Molecular Dynamics (MD) simulations were employed to study the interaction of fullerene molecules in biological environments. Initial work considers the interaction of peptides with fullerene, where a fullerene specific antibody and a single-walled carbon nanotube (SWNT) wrapped by a peptide was simulated. Results reveal the interface between peptides and fullerene to be dominated by hydrophobic interactions. Also, pi-stacking interactions were a predominant recognition mode. Electrostatic forces primarily defined the shape of the complex around the fullerene.
Another study involved the interaction of water with SWNT. Unexpectedly, water was observed to partition within the center of nanotubes. Furthermore, the water organizes into a hydrogen-bonded network that is dependent upon nanotube diameter. The phenomenon parallels the function of transmembrane proteins, and consequently, free energy calculations were completed to consider if nanotubes exhibited selective ion partitioning. Indeed, ions specifically favored certain nanotube indices and selectivity was dependent upon nanotube diameter and ion solvation structure.
Much of this thesis analyzes the structure of sodium dodecyl sulfate (SDS) around SWNT. Initial results suggested that nanotubes were encased in a thick micelle that prohibited water from contacting the tube.
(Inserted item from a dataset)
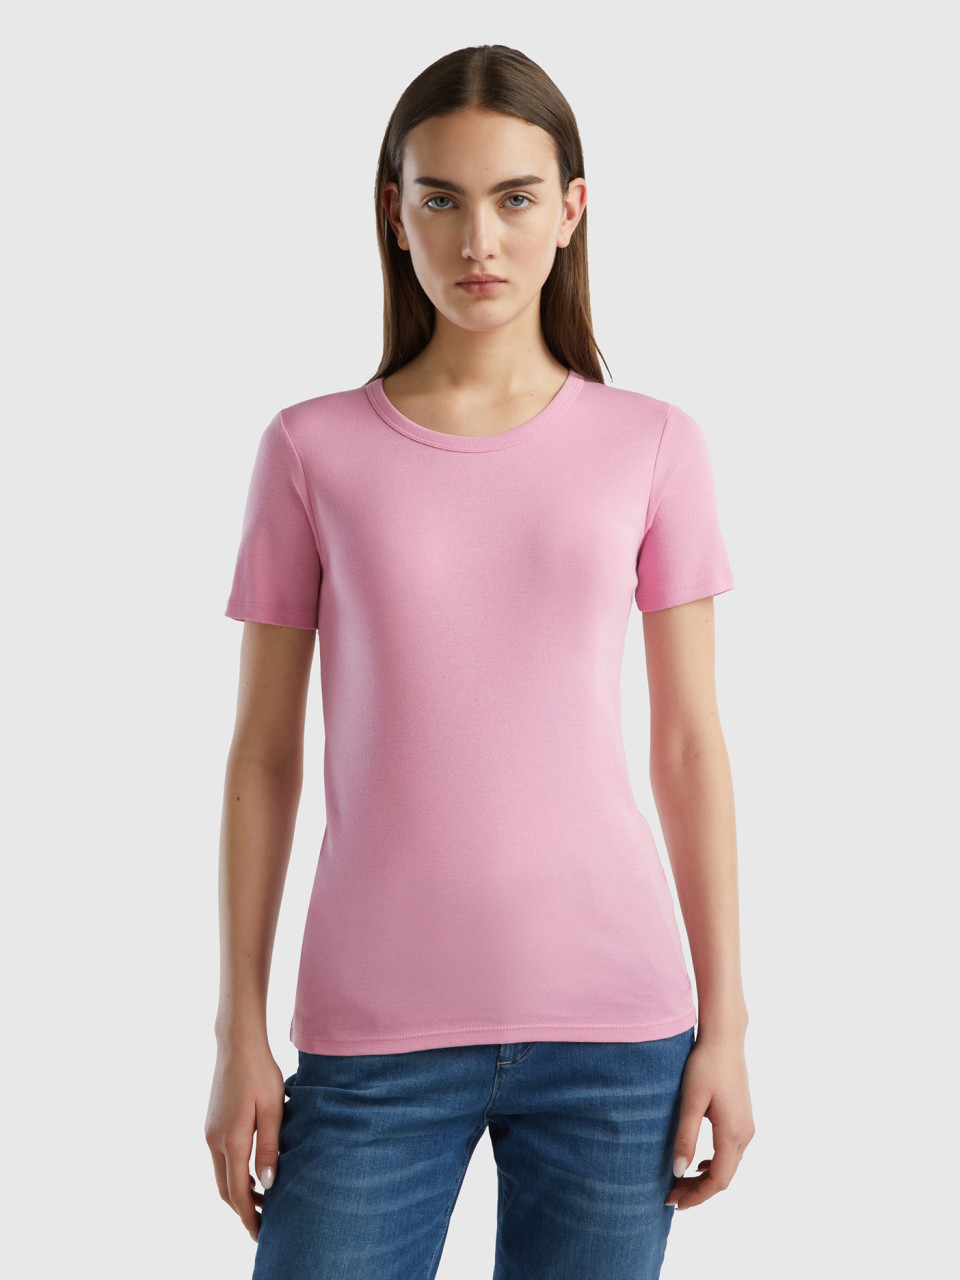 Benetton, Long Fiber Cotton T-shirt, Pastel Pink, Women

However, later experimental data suggested a much more dynamic system and therefore new simulation techniques were developed to achieve an improved model. The new methodology was first developed by simulating the aggregation of a random mixture of SDS into micelles of experimentally expected sizes and structures. After successful testing, a random mixture was allowed to aggregate onto a nanotube. The results reveal a random monolayer exists around the tube, but the head groups and water molecules are much closer the tube, which accounts for the more dynamic fluorescence properties observed. Simple geometric modeling and recent fluorescence measurements are also considered to further support the improved model.
Finally, the aggregation of polyethylene oxide (PEO) derived polymers around SWNT was completed. Results reveal a much weaker hydrophobic interaction with the tube and consequently much less of the tube is covered by polymer. The findings correlate well with fluorescence and protein adsorption experiments. The structure of the wrapping polymer is also considered, along with the effect of molecular weight.